**TASK**
Every line from the one containing "U-Tec U-BOLT 5-in-1" to the one containing "Fotografie - Čokomed" in the records below, both included, must be set down exactly, and no other line.

==== DATA PROVIDED

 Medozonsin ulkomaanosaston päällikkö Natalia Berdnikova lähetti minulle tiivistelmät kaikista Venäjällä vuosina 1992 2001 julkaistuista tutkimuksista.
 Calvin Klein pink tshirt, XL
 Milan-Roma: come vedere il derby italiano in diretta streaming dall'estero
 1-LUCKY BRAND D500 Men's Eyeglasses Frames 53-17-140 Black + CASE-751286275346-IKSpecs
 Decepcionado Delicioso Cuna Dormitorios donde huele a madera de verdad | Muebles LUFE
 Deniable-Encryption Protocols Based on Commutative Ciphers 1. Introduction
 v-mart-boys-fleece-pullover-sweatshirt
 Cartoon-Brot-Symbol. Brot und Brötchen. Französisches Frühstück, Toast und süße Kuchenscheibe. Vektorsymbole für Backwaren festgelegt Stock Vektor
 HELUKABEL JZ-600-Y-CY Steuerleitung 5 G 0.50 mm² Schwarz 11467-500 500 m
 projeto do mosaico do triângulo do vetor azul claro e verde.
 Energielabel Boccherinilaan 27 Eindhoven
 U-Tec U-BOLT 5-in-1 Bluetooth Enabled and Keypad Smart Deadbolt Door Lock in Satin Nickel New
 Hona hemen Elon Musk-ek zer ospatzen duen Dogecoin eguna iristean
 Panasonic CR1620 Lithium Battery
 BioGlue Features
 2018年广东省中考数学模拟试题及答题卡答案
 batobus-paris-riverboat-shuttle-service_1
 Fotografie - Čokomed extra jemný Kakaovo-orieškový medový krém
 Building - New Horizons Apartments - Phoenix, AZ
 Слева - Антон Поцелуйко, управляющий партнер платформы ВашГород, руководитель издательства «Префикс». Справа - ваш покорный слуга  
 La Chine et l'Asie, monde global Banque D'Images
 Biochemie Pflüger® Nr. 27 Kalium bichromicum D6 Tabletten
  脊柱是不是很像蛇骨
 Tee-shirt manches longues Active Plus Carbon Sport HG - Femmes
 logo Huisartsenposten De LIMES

========

**SOLUTION FOR THIS PROBLEM**
 U-Tec U-BOLT 5-in-1 Bluetooth Enabled and Keypad Smart Deadbolt Door Lock in Satin Nickel New
 Hona hemen Elon Musk-ek zer ospatzen duen Dogecoin eguna iristean
 Panasonic CR1620 Lithium Battery
 BioGlue Features
 2018年广东省中考数学模拟试题及答题卡答案
 batobus-paris-riverboat-shuttle-service_1
 Fotografie - Čokomed extra jemný Kakaovo-orieškový medový krém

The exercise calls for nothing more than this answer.